/nucleserver

Nucleome Server : a Command Line Tool to Host Nucleome Data.

Primary LanguageGoBSD 3-Clause "New" or "Revised" LicenseBSD-3-Clause

NucleServer

Build Status Go Report Card Licenses GitHub Repository

NucleServer is a command line tool for users to start a Nucleome Browser data service in local or remote servers to host their multi-resolution genome related data files, such as bigWig, bigBed and .hic.

If you are looking a GUI tool to host these files in local computer, please use this tool NucleData.

Install

This software is implemented in GoLang. User can either download the binary exectuable files we have compiled, or compile from source code.

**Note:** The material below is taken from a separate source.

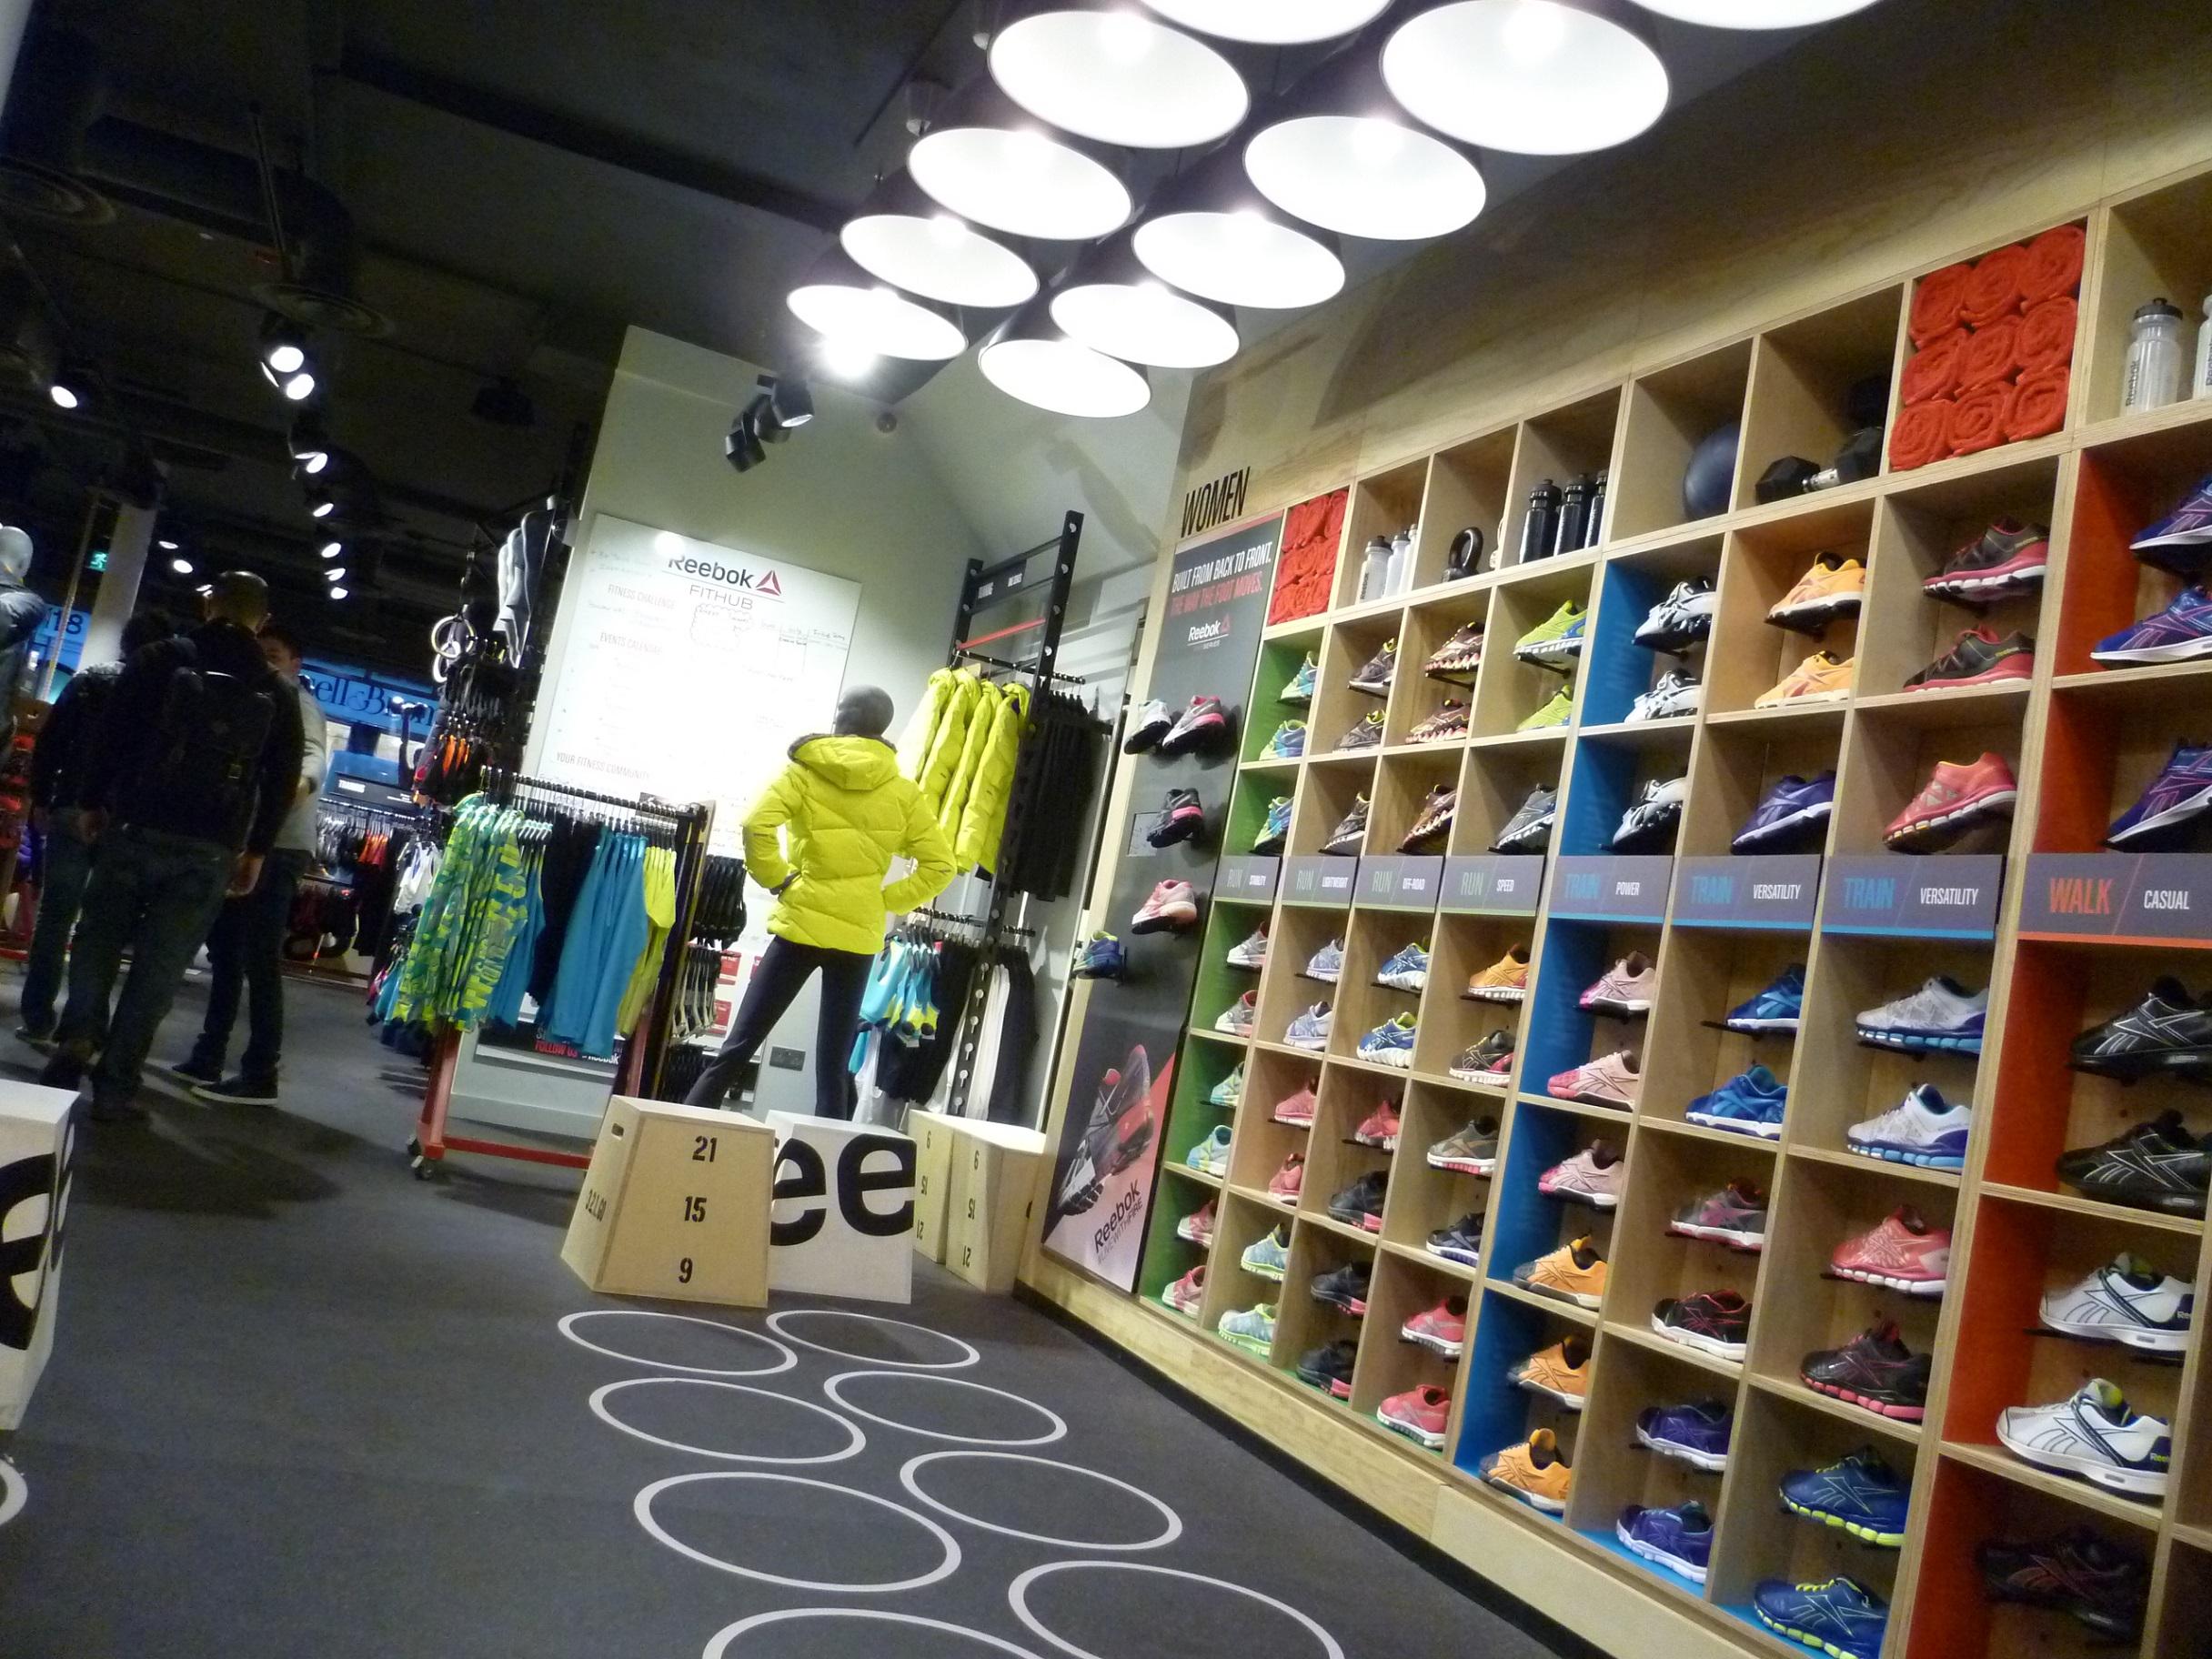 Reebok footwear wall

Download Binary Executable Files

Download Binary Exectuable Files in Linux, Windows and Mac OS without installation.

Current Build Version: 07-22-2019 v0.1.4

Then change the mode of this file into executable. In Linux or Mac OS, this can be done in a terminal, using command chmod.

chmod +x nucleserver

Alternativley, Compile From Source Code

NucleServer is implemented in GoLang ( version > 1.11 ).

go get -u github.com/nucleome/nucleserver

Get Started with Examples

Quick Start

Example Input: Google sheet

For a quick start, please download the Google Sheet above as an excel file and named it as nucle.xlsx. Then run the command below in your local computer.

nucleserver start -i nucle.xlsx

Or skip downloading and use Google Sheet ID directly like this.

nucleserver start -i 1nJwOozr4EL4gnx37hzF2Jmv-HPsgFMA9jN-lbUj1GvM

The Google Sheet ID is part of the url in the google sheet webpage. It is in blue background in the following demostration image. Google Sheet ID Demo

When first time use nucleserver with google sheet, it will prompt a link in terminal to ask for permission to access user's Google Sheets, copy this link to browser and get back a token, then copy and paste the token to the command terminal, a credential token will be stored in [Your Home Dir]/.nucle/credentials/gsheet.json.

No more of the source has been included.